I do agree that applying psychometrics would be great, but it's not as simple as it sounds -- the vast majority of work is on multiple choice questions, or binary correct/incorrect. There is some on free response, but much less.

We aren't trying to make a rigorous statement here -- we're trying to draw attention to the fact that the most common metrics do not give much insight into what a student has actually shown mastery of. This is especially important when you consider that the weightings of particular questions are often fairly arbitrary.

I certainly agree that all variability is not meaningful variability, but I'd push back a bit and say that there's meaningful variability in what's shown here.

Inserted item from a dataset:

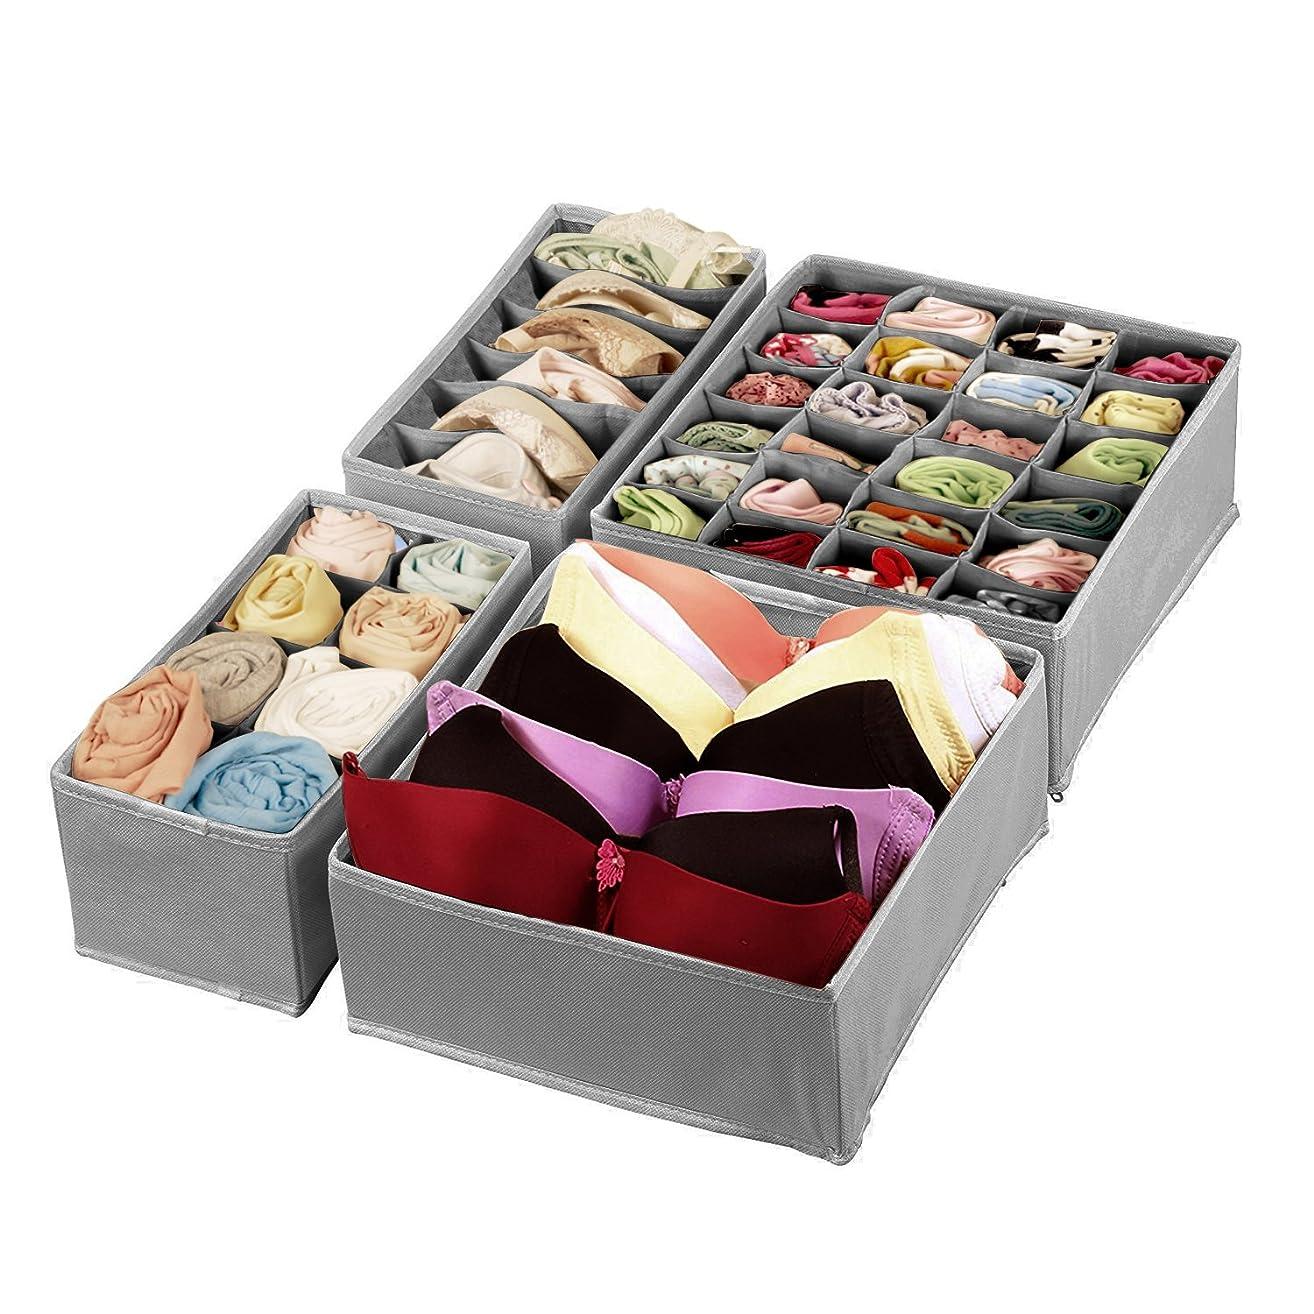 Magicfly Sock Organizer, Foldable Underwear Drawer Organizer, Upgrade Sturdy Closet Storage Divider for Bra Panties Ties Socks, Set of 4, Gray

We'll go into more depth and hopefully have something interesting to report.

I've also seen a fair number of comments stating that this is not a surprising result. I'd agree (if you've thought about it), but if you look at what's happening in practice, it's clear that either many people would be surprised by this, or are at least unable to act on it. We're hoping to help with the latter.

closed · on June 22, 2017

IRT modeling doesn't care much whether an item is free response or not, just the scale on which it's scored. Binary and polytomous scoring = IRT model. Continuous scoring = Factor analysis.

If by mentioning free response, you mean students are unlikely to guess the correct answer, even when they don't know it, it's a 2 parameter IRT rather than 3.

Best of luck! :)